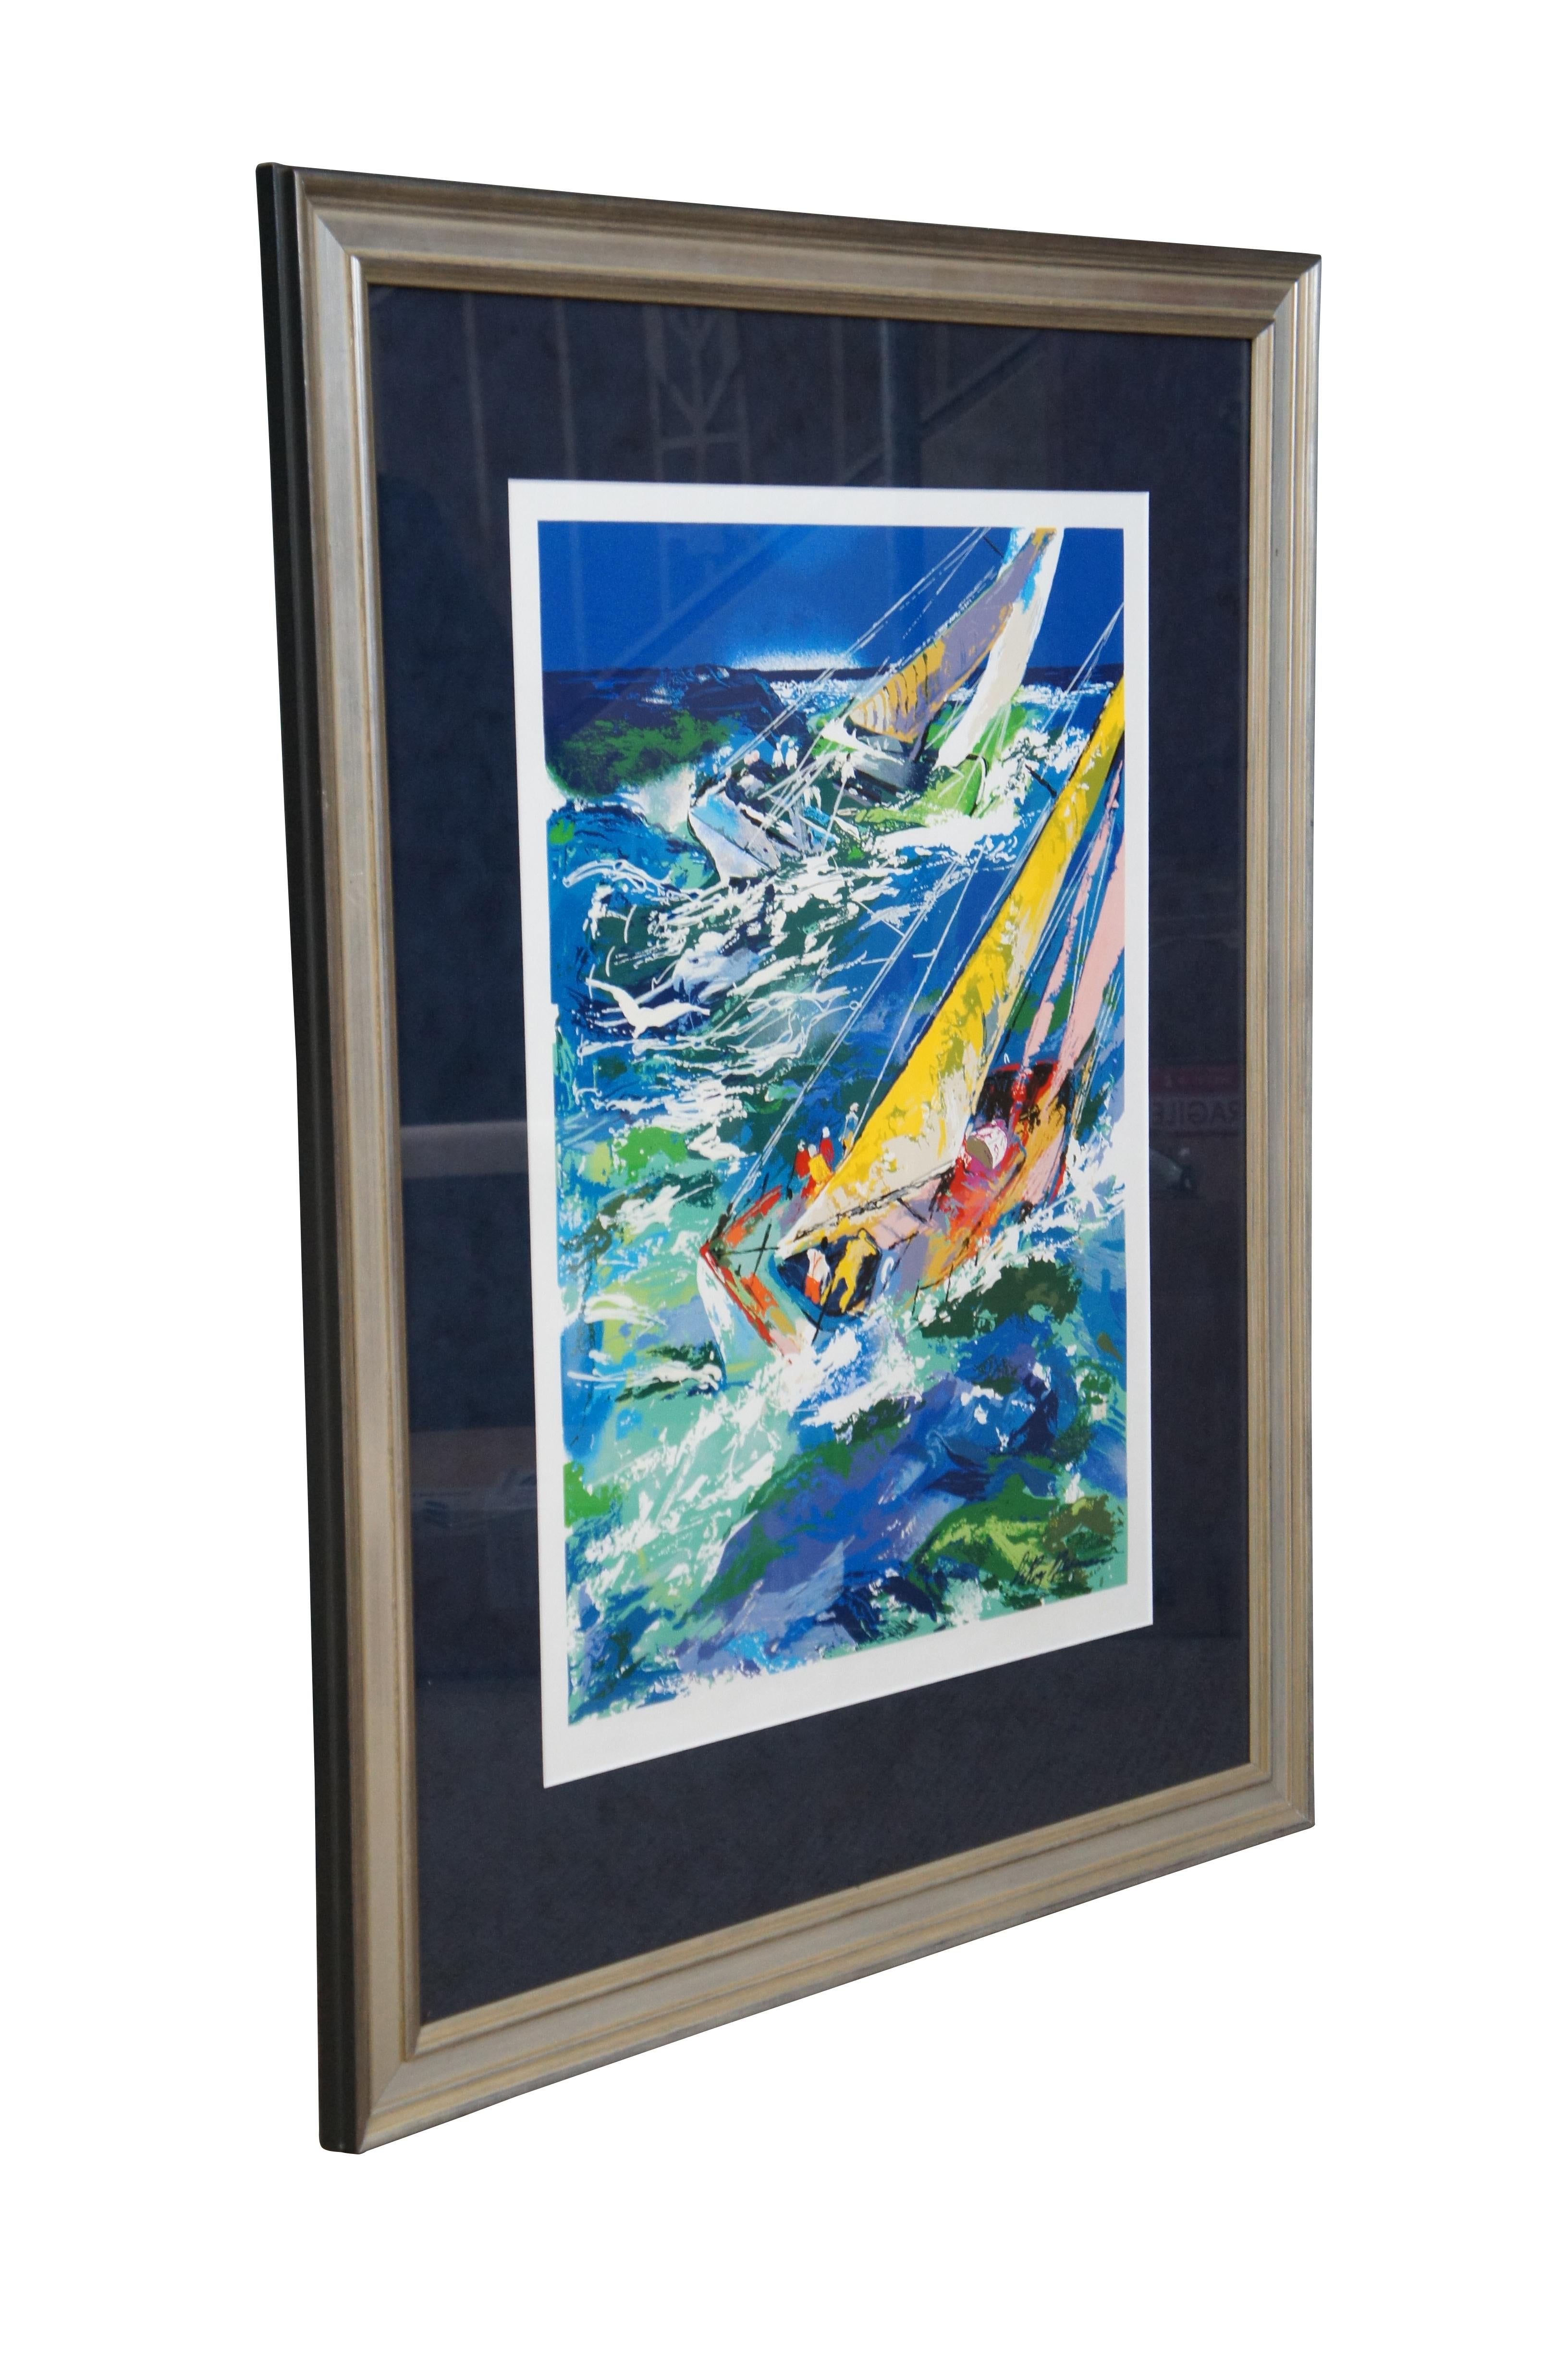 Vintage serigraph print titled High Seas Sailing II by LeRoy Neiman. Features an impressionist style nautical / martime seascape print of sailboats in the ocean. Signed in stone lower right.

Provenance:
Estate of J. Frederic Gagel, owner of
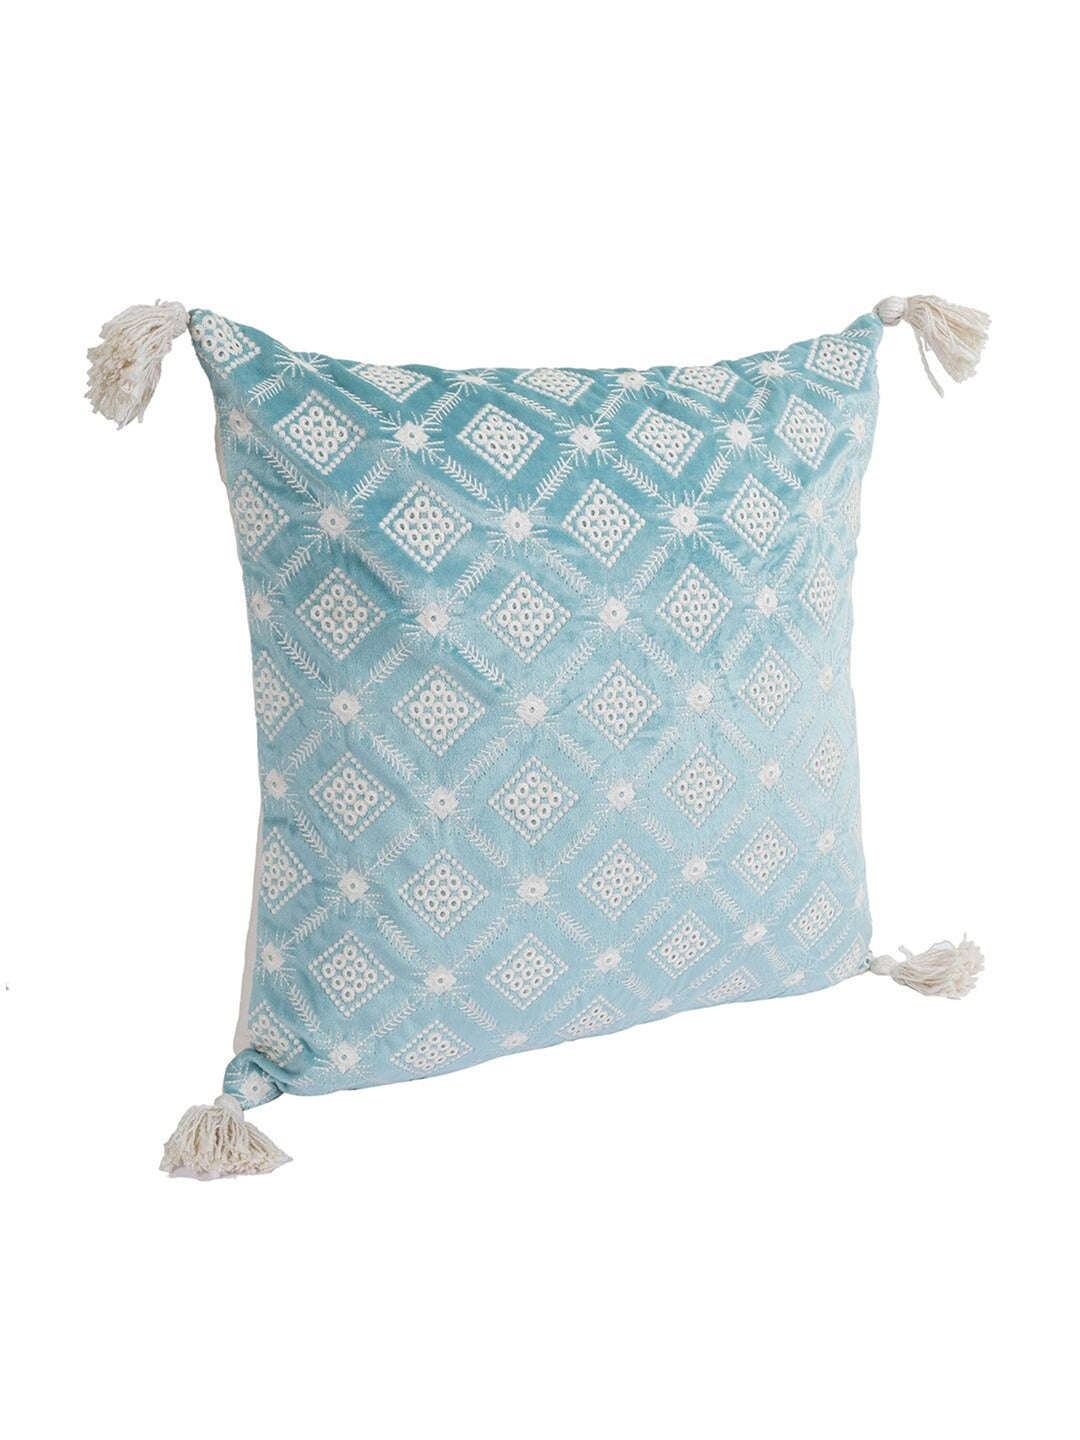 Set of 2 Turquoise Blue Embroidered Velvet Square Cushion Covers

········

» **What you should do**
The job is to return the listing above exactly, minus its pictures.

» **Finished exercise**
 Vintage serigraph print titled High Seas Sailing II by LeRoy Neiman. Features an impressionist style nautical / martime seascape print of sailboats in the ocean. Signed in stone lower right.

Provenance:
Estate of J. Frederic Gagel, owner of
 Set of 2 Turquoise Blue Embroidered Velvet Square Cushion Covers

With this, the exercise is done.